* [Exercise data]:
☆ ☆ ☆ ☆ ☆ ☆ ☆
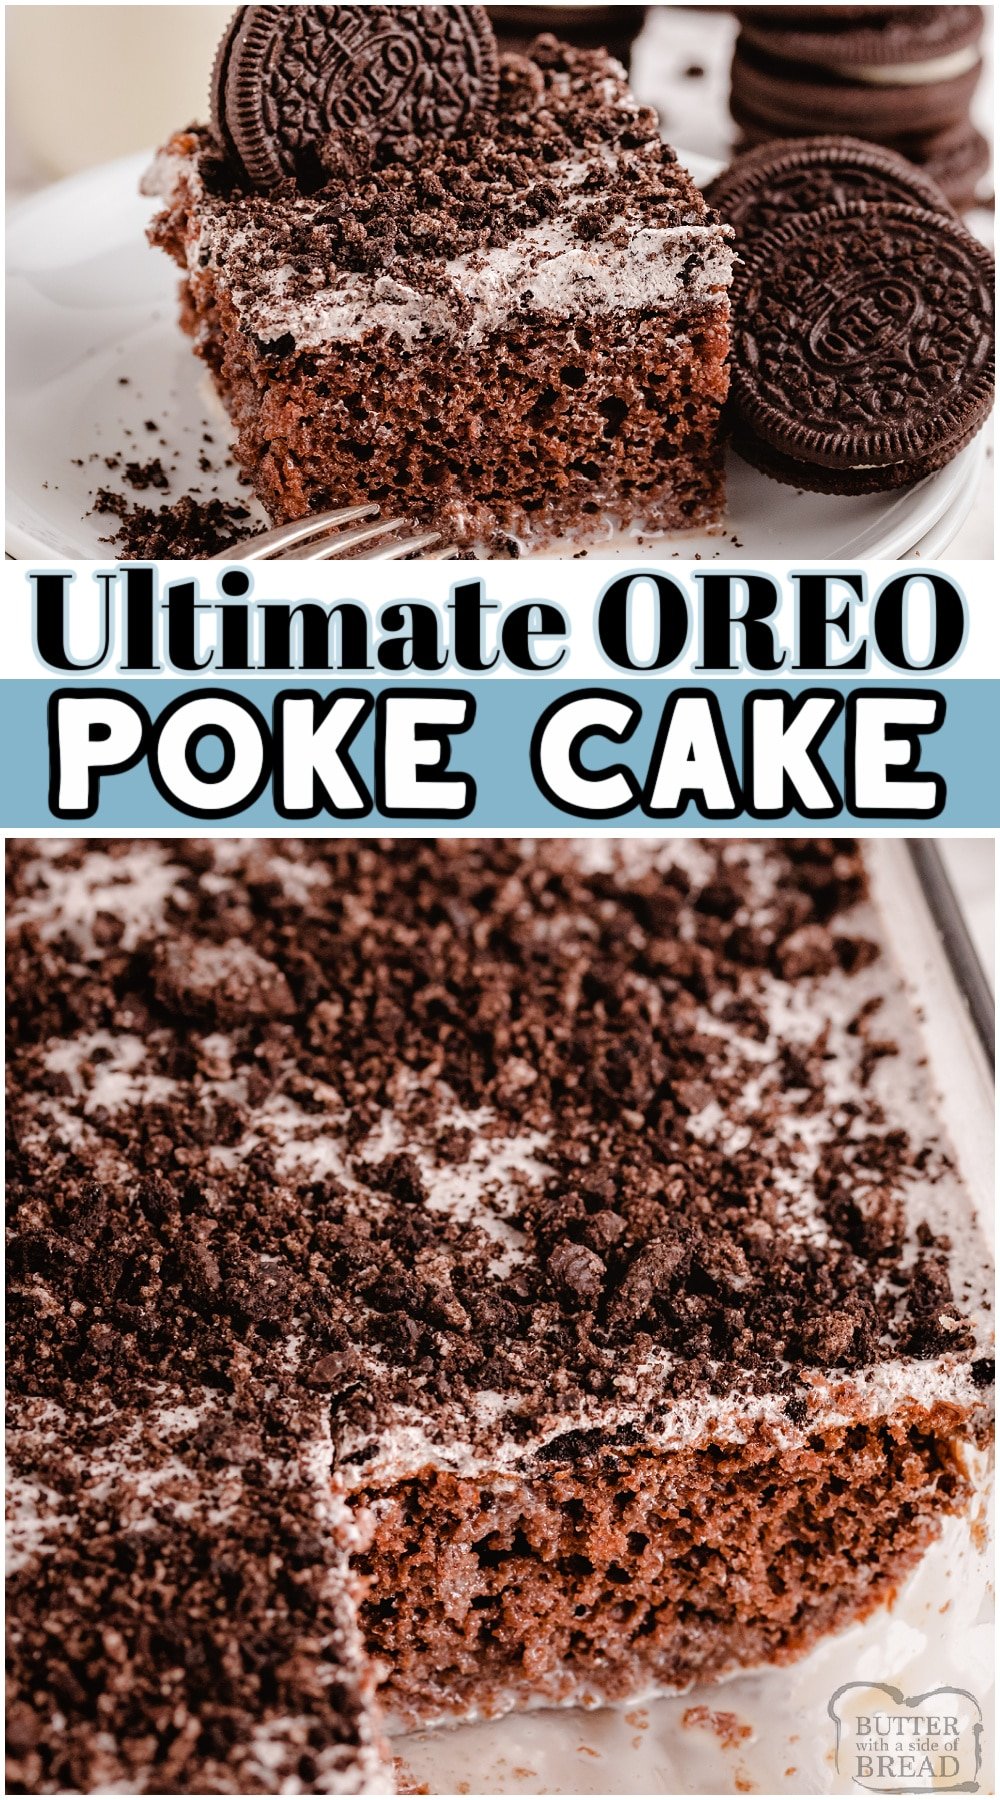 Oreo Poke Cake made with a chocolate cake mix, drizzled with condensed milk and a whipped cookies & cream topping. Everyone goes crazy for this tasty poke cake.
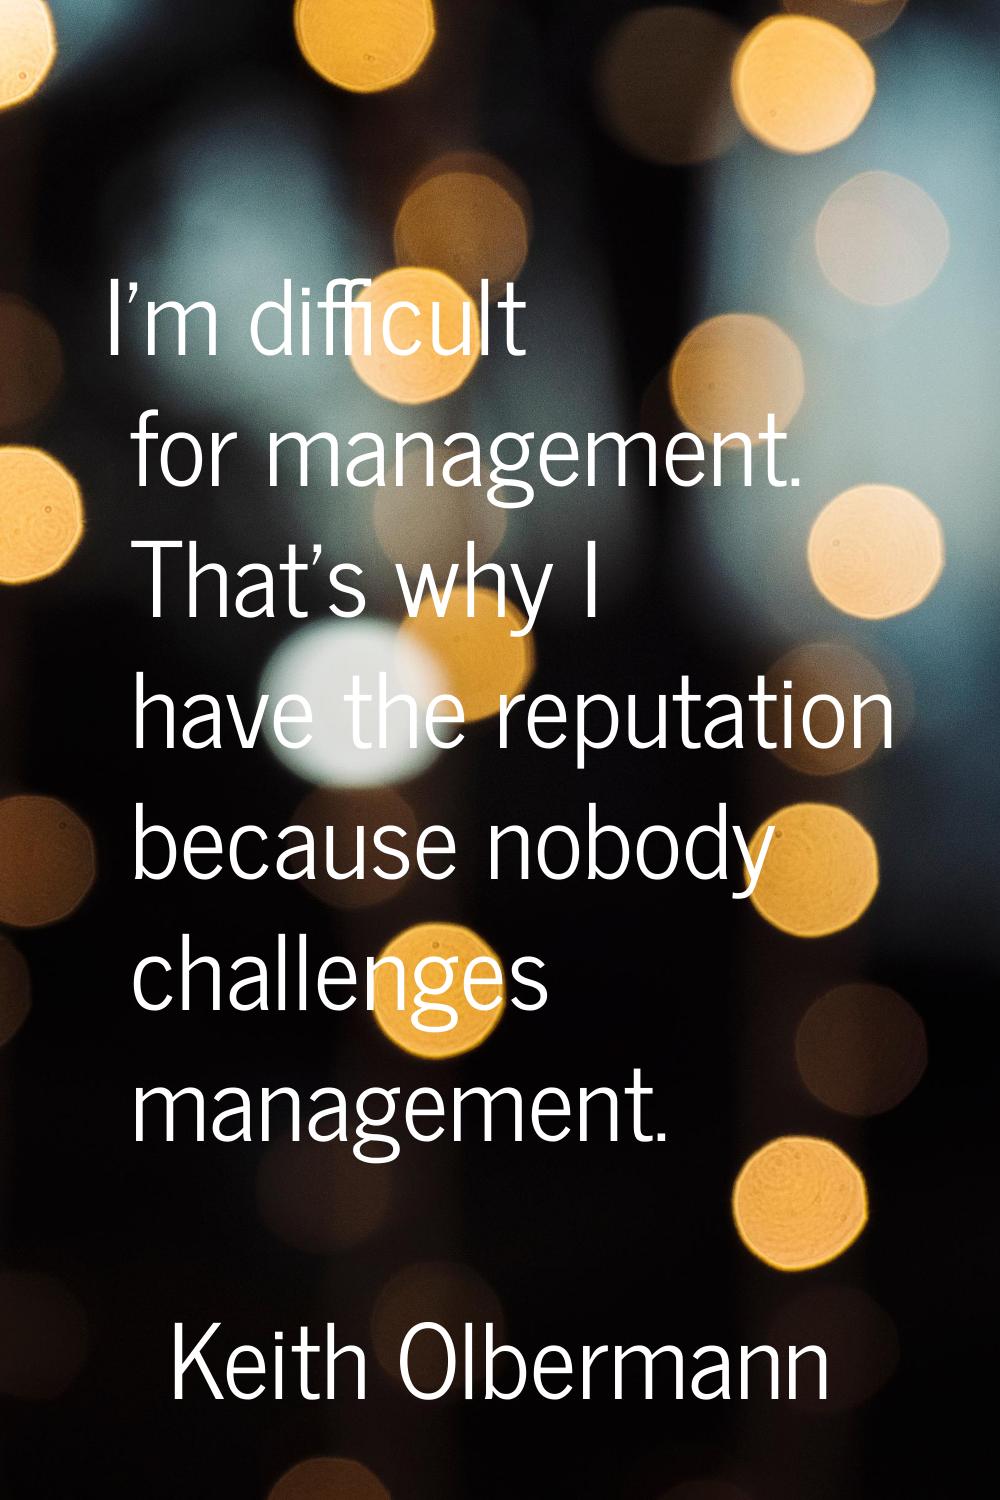 I'm difficult for management. That's why I have the reputation because nobody challenges management
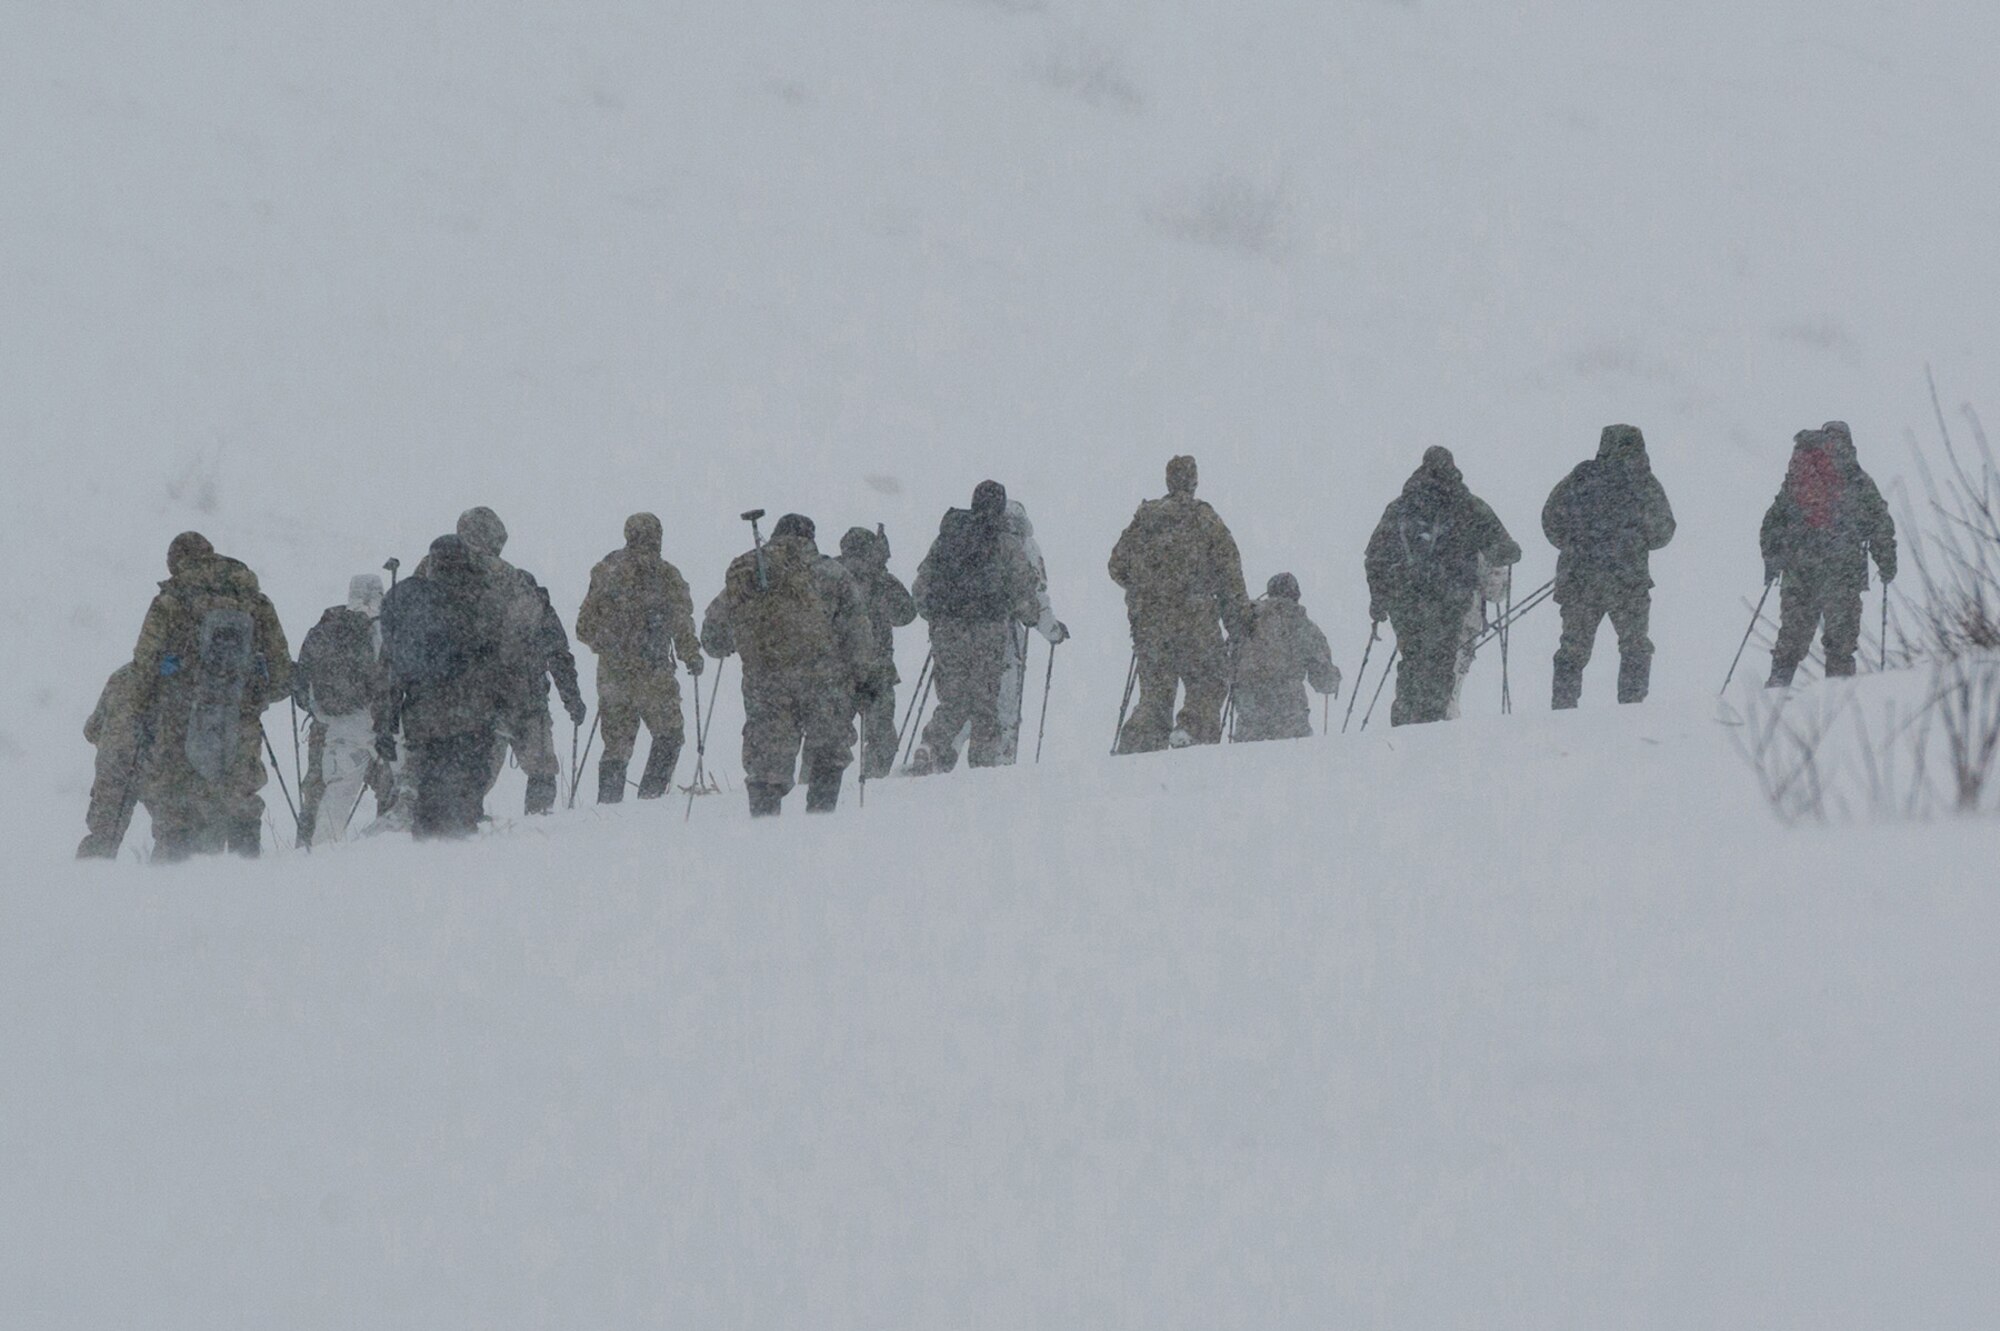 U.S., Allied, and partner-nation Soldiers from nine countries participate in the Cold Regions Military Collaborative Training Event at Arctic Valley in Joint Base Elmendorf-Richardson, Alaska, Feb. 22, 2018. The U.S. Army Alaska hosted event focused on strengthening relationships among allied and partner nations with experience operating in cold weather, and at high elevations; and set conditions for future collaboration.
☆ ☆ ☆ ☆ ☆ ☆ ☆
Print the data above exactly, from its first line to the line bearing "I'm difficult for" inclusive, and keep pictures out of the result.

* [Written solution]:
 Oreo Poke Cake made with a chocolate cake mix, drizzled with condensed milk and a whipped cookies & cream topping. Everyone goes crazy for this tasty poke cake.
 I'm difficult for management. That's why I have the reputation because nobody challenges management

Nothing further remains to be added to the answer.